Task prompt - When writing out the entries below, keep only the lines from the line with "Buffy_Legacy_v5_SC_PRESS_10 ComicList Previews: BUFFY" to the line with "Portrait der schönen", both included, exactly as they are, and leave the pictures aside.

Information supplied -

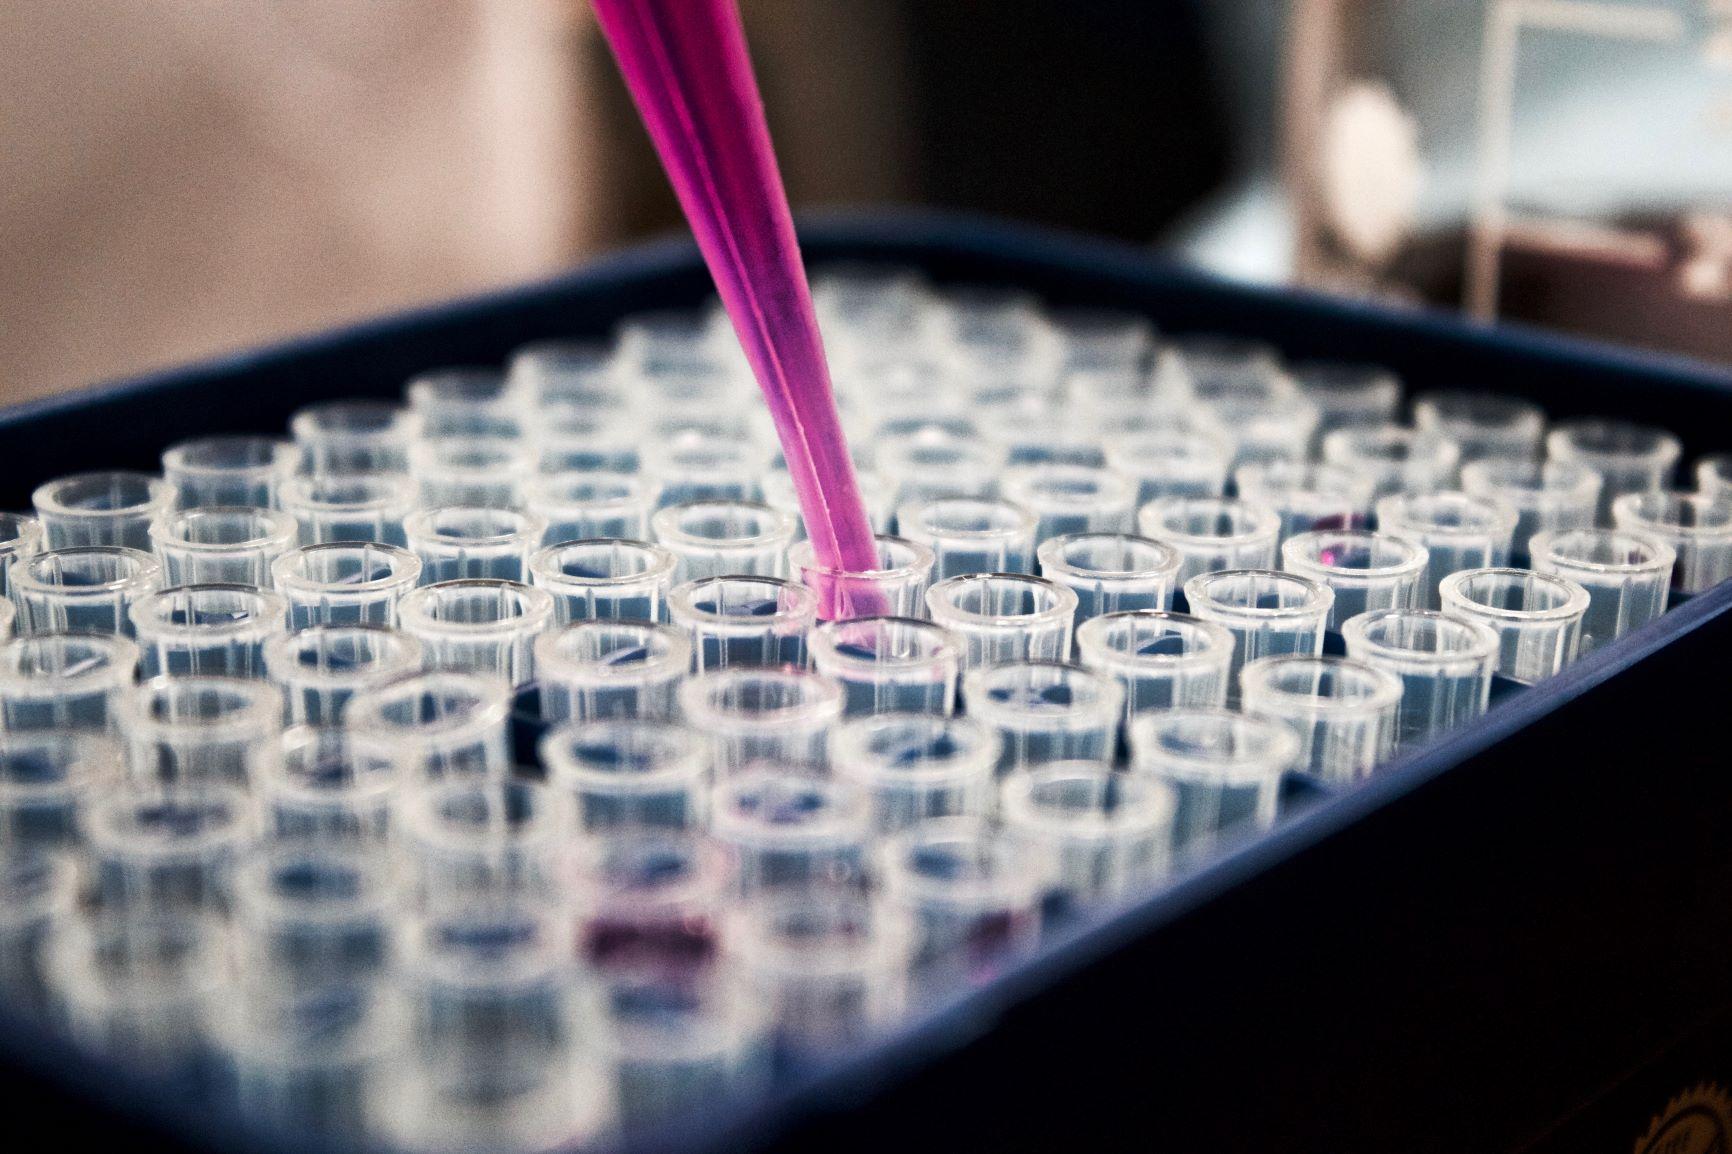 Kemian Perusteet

==

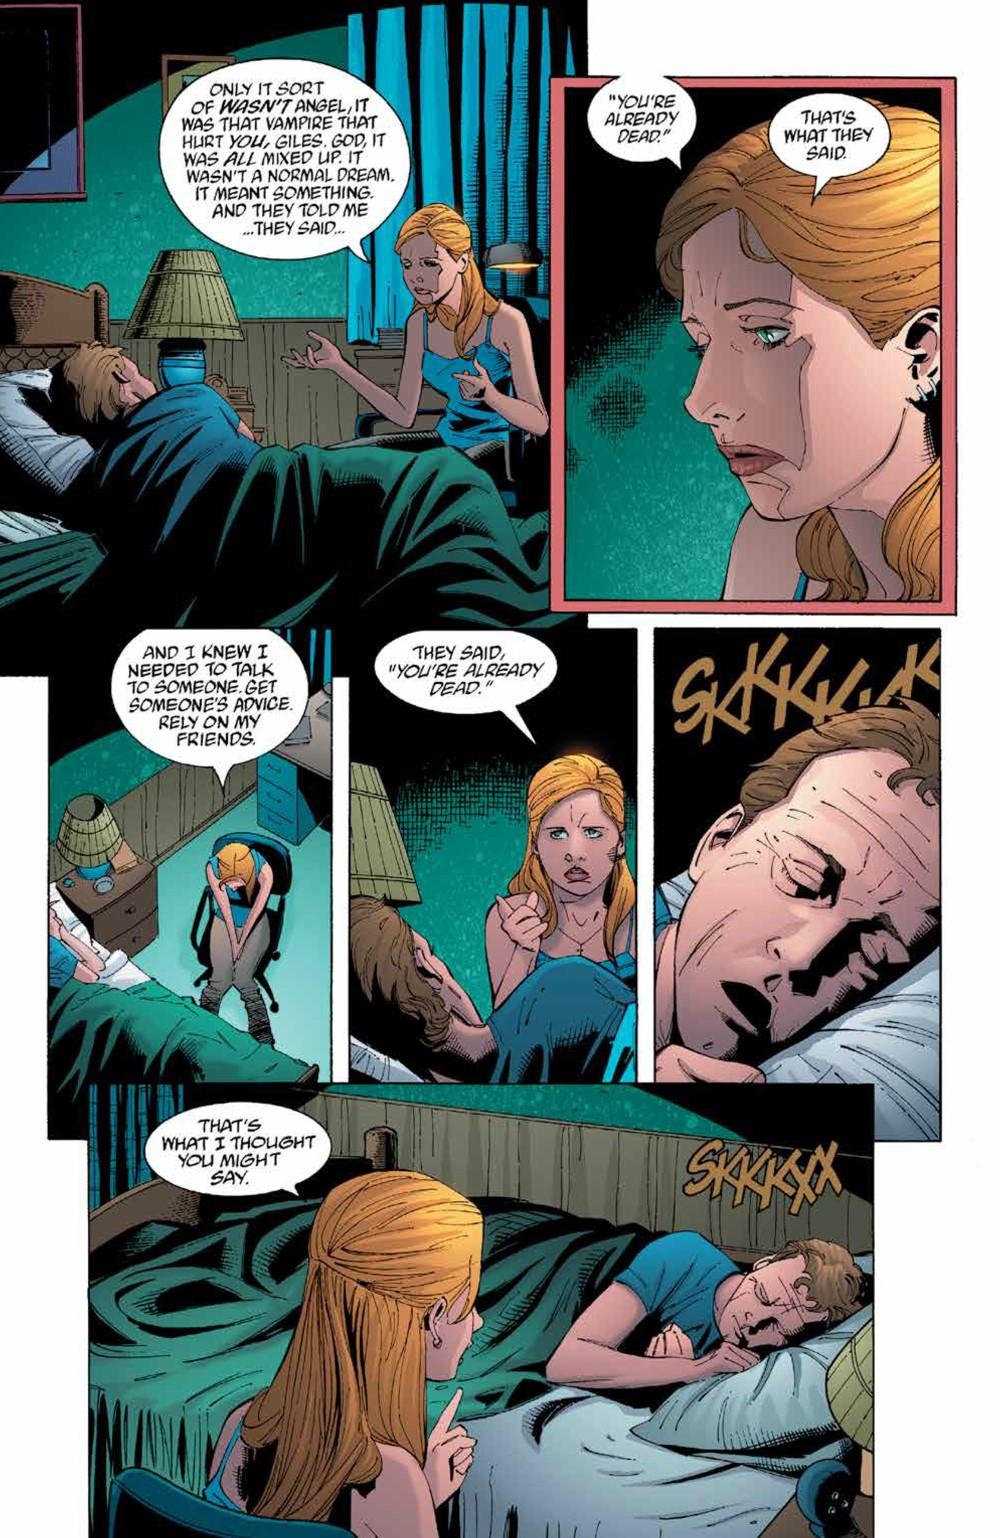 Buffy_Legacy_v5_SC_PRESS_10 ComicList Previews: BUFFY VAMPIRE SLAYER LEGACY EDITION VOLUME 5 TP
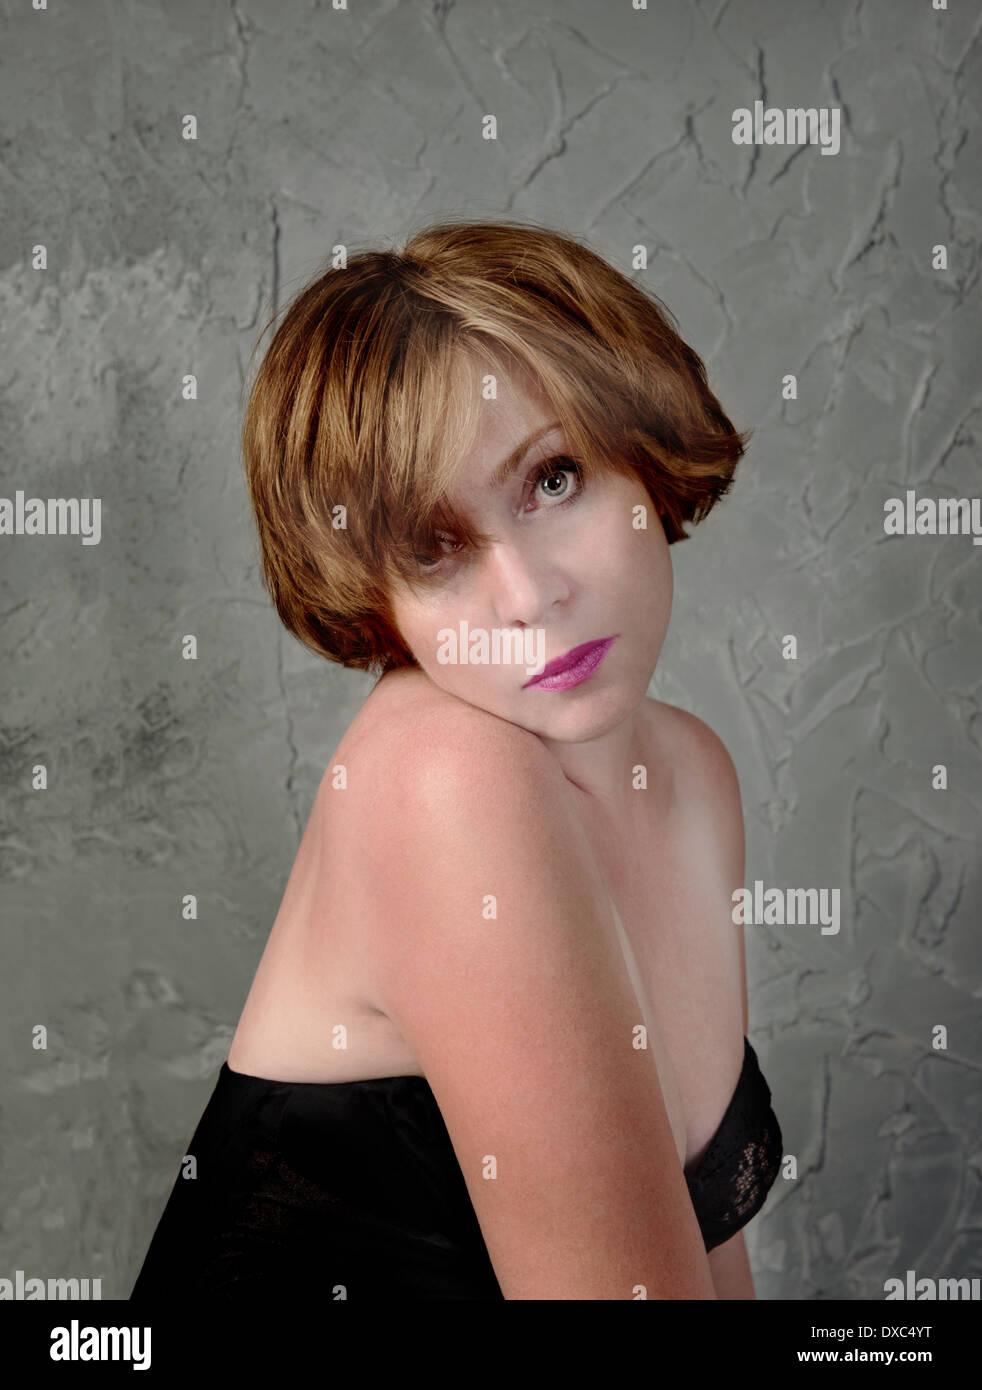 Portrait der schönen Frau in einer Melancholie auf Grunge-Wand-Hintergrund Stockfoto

...

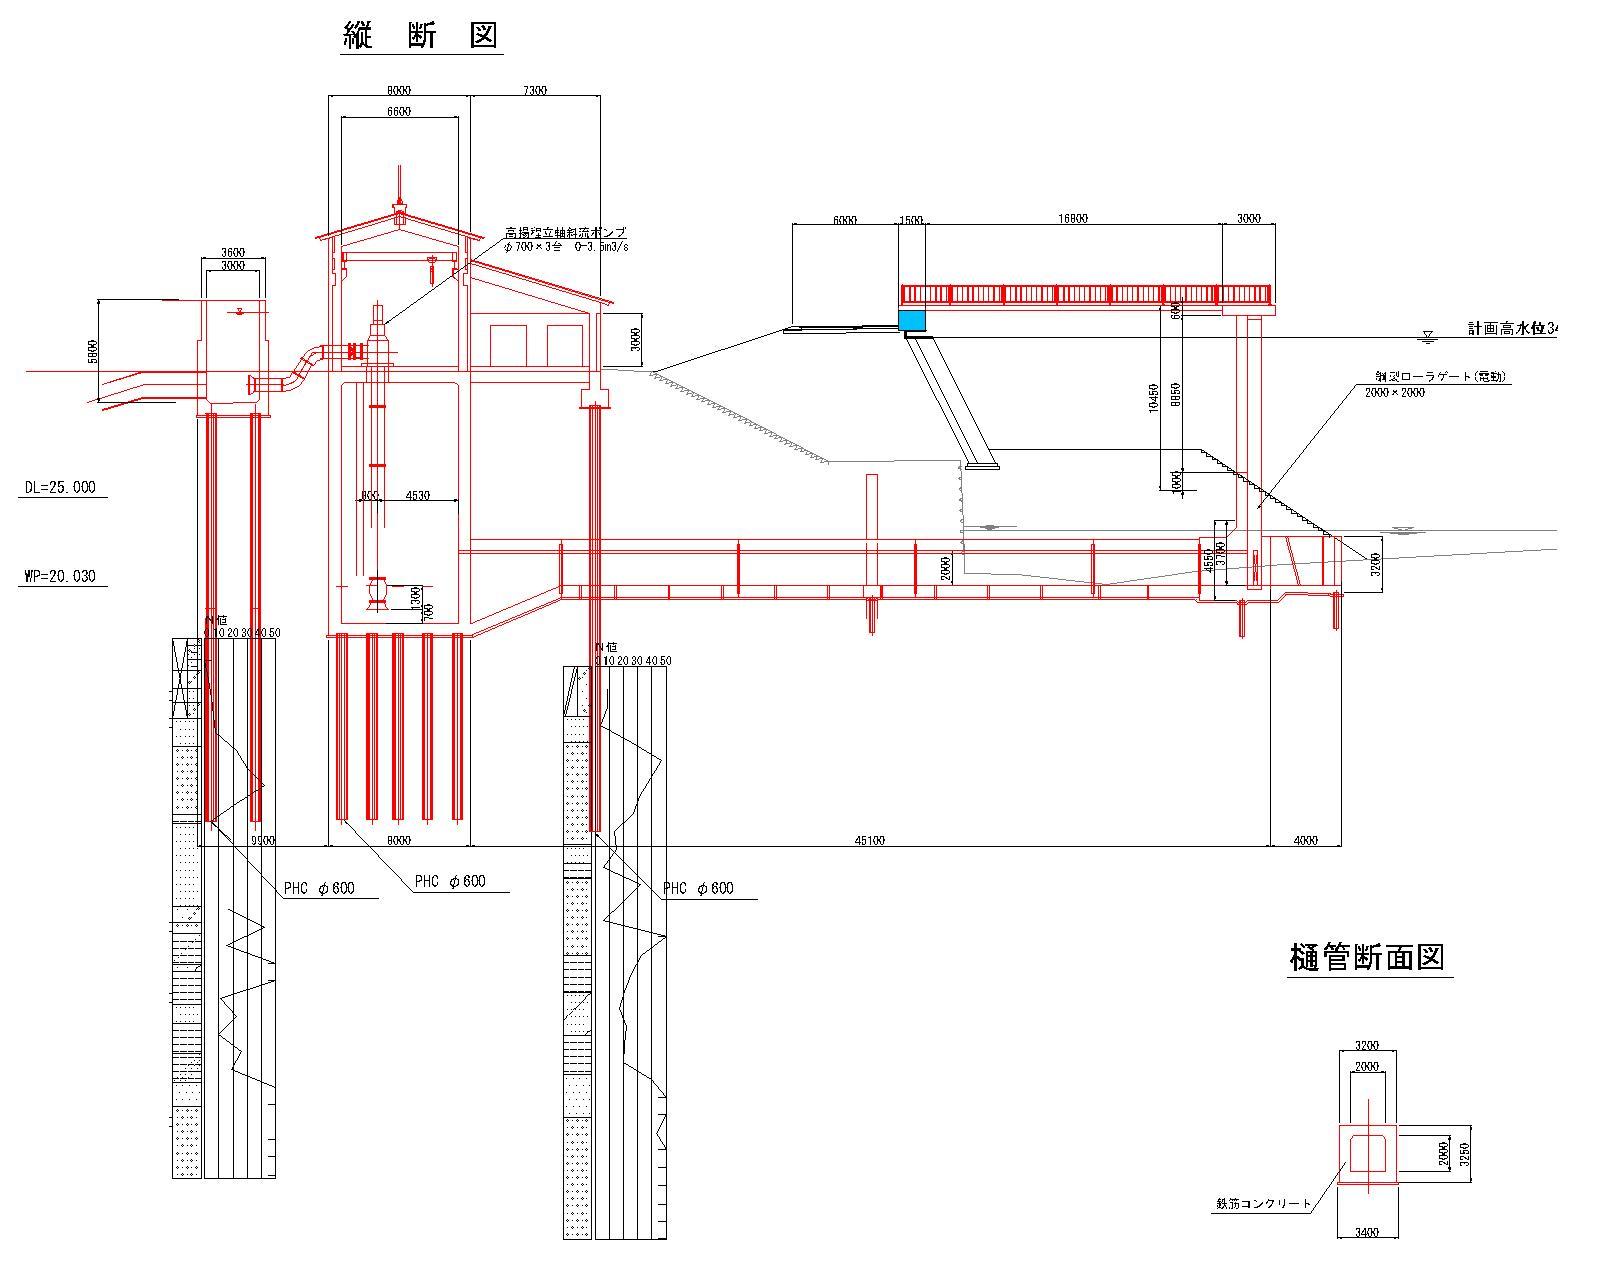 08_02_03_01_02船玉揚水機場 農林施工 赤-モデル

Output for this exercise -
 Buffy_Legacy_v5_SC_PRESS_10 ComicList Previews: BUFFY VAMPIRE SLAYER LEGACY EDITION VOLUME 5 TP
 Portrait der schönen Frau in einer Melancholie auf Grunge-Wand-Hintergrund Stockfoto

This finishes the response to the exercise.